There are some who like to suggest that death is simply another part of life-a passage to another realm of being. It is not to be feared, they say, since on the “other side”, there is Heaven, Paradise, Nirvana or a bunch of virgins. Those who literally whistle past the graveyard seem to neglect the fact that many of us die, not in peacefulness and tranquility, but in pain, both real and imagined; in fear; or sometimes in emotional agony and humiliation.
The four people who died in my family in the last 20 years or so died feeble, unable to take care of themselves, or with little dignity.
My father died of cancer, leaving us at half his normal body weight and laced with powerful drugs to help him avoid the agony his disease caused him. My grandmother died not remembering her name, Dementia having taken her memories and self-awareness. My mother died in severe pain, congestive heart failure causing enormous stress on her back and ribs. She, too, was drugged beyond recognition to help her pass comfortably.
Or was it to help her sons avoid the realities of her death?
Another, a terribly close friend, died violently on a train track in California, causing tremendous pain to his beautiful family.
This is to say nothing of those who are murdered, killed in car accidents, starved to death by poverty, stillborn or any of the other ways that people die.
If there is a God, why did he make the end of our lives so often the worst part? Why didn’t he make death like a cast party at the end of a successful play-a celebration of a life lived? Yeah, I know that’s what funerals are supposed to be for, but the deceased don’t get to participate in those, do they? They just sit in a box, decomposing, while we cry. And the whole Heaven thing, yeah, get back to me on that when you meet someone who can tell you about it.

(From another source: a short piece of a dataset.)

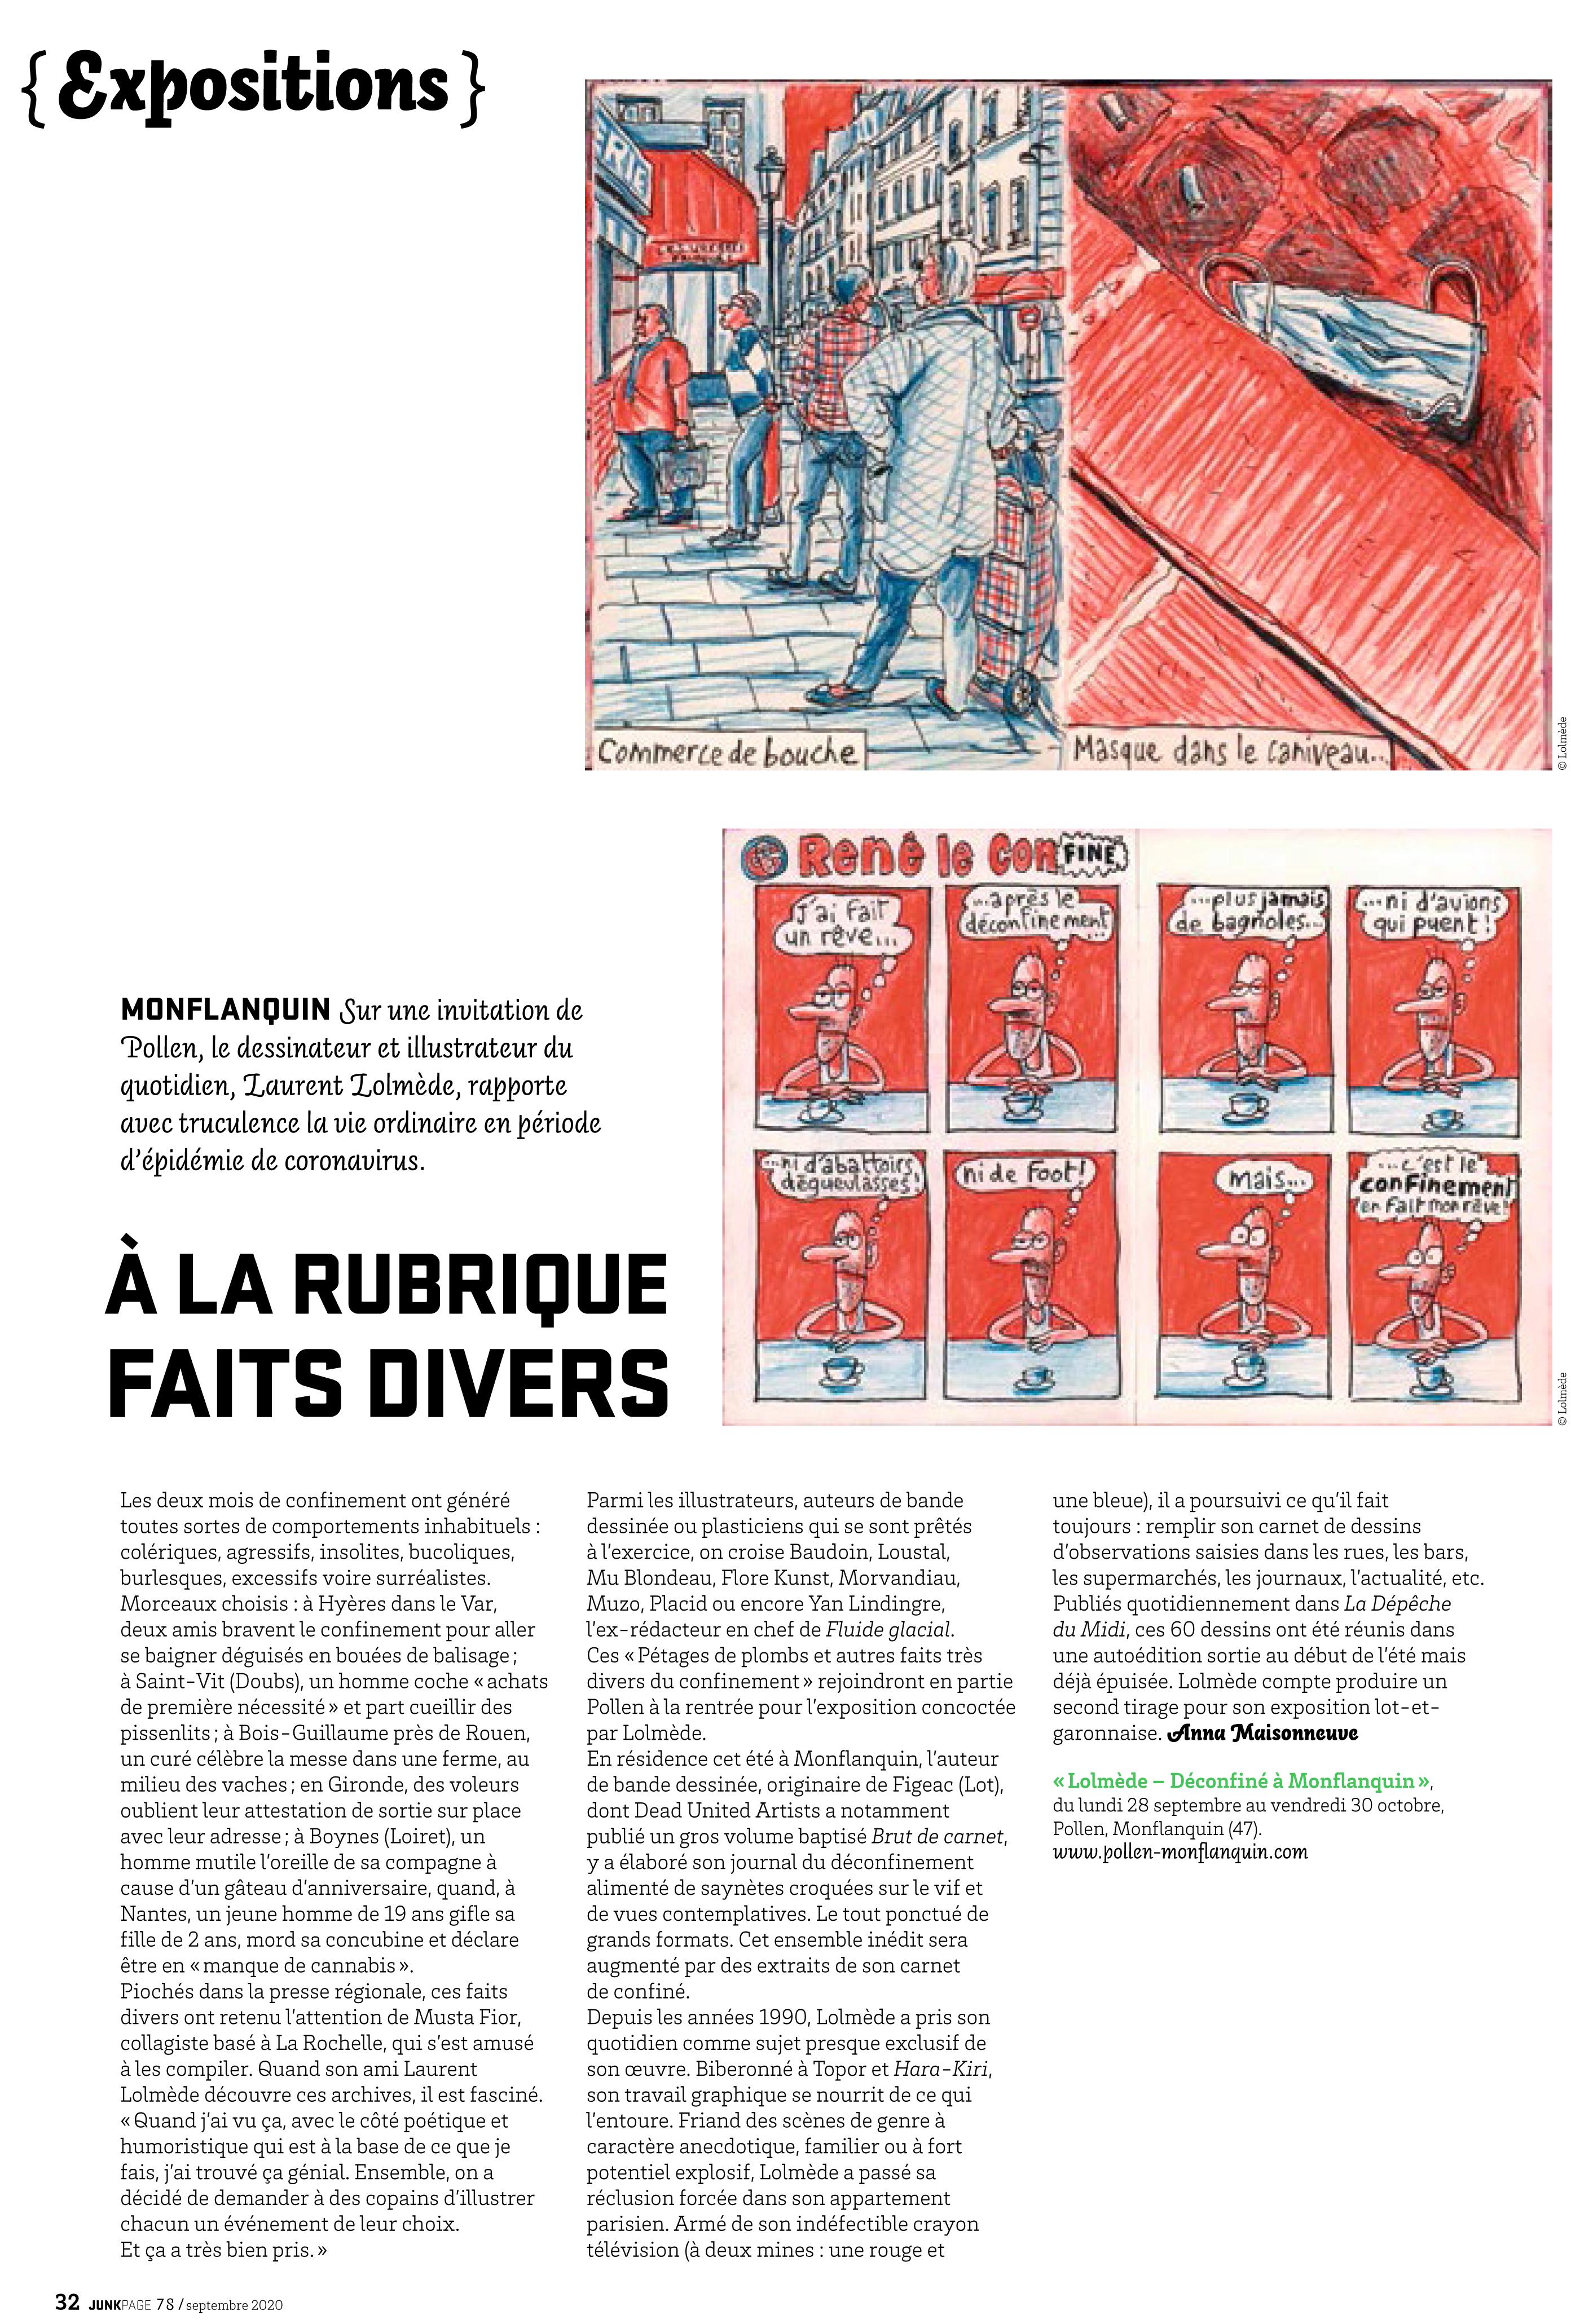 Mu Blondeau Junkpage Expo Lolmède Musta Fior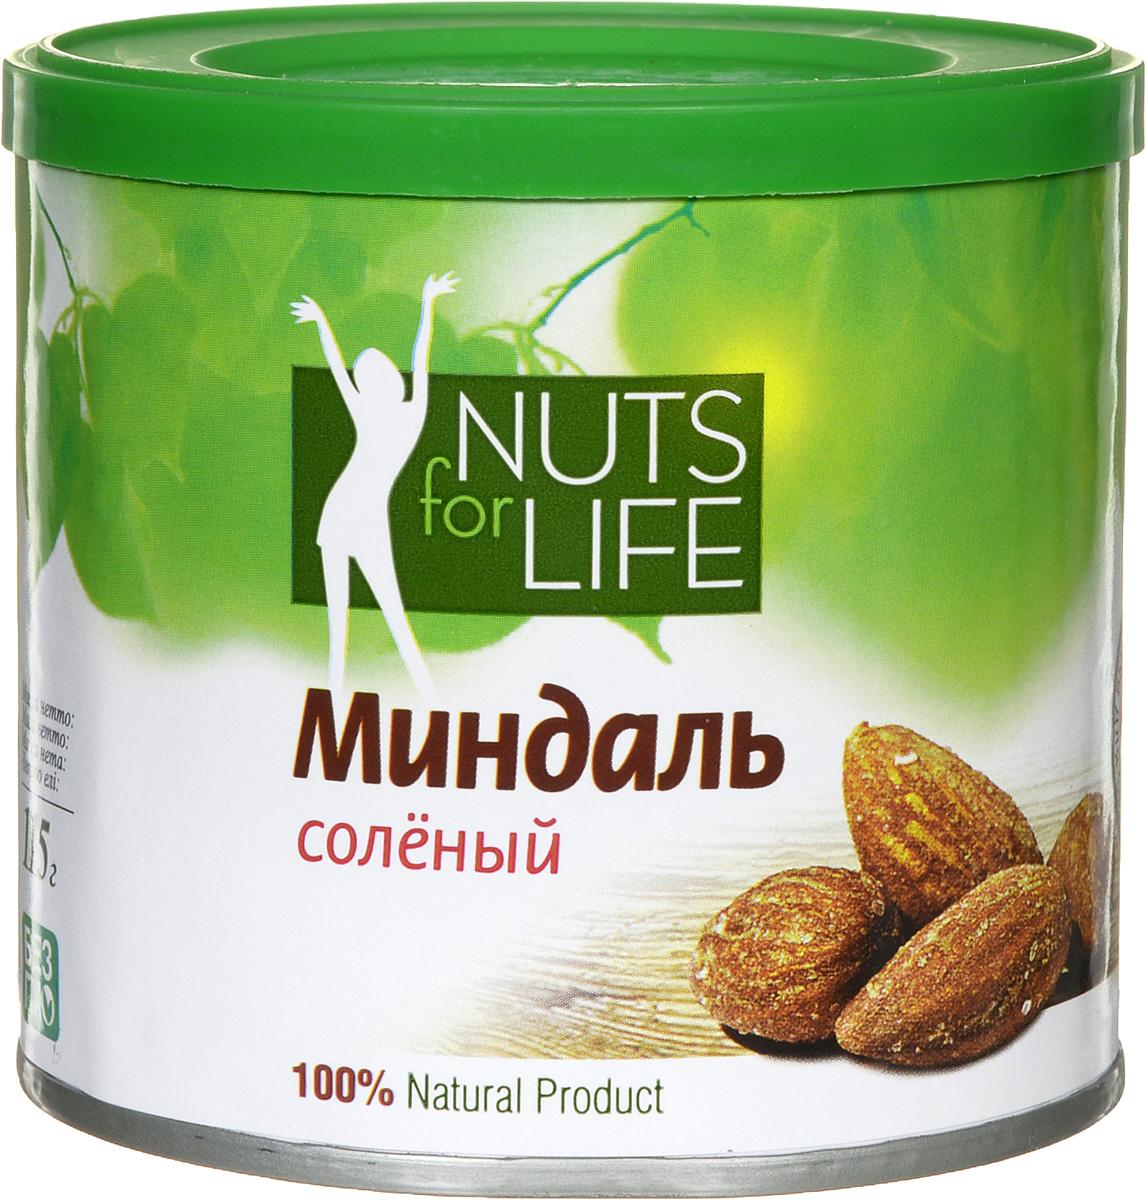 Nuts for Life Миндаль обжаренный соленый, 115 г U920944

We spend our lives struggling for money, power, love, acceptance and security. Yet regardless how much we achieve, we often die with none of it. Even those of us who die natural deaths often do so in a fetal position in a nursing home and are only discovered when the nurse comes in to change our diapers.
God’s plan? Really?
We are alive for as long as we can sustain ourselves, or as long as others decide we’re useful. Any belief otherwise is ignorant self-aggrandisement.
The only thing to live for is that those who come after have pleasant memories of us. They remember us for who we were and what we did.
My point? Don’t assume that death will come simply and easily. It likely won’t. There’s a really good chance that your last days will be miserable.
So don’t waste life. Do things that are unexpected. Take risks. Fail often. Those who come after you will judge you more on your courage to try than upon what you achieved.
If you want your life to have any meaning at all, that must be your gift to those who succeed you.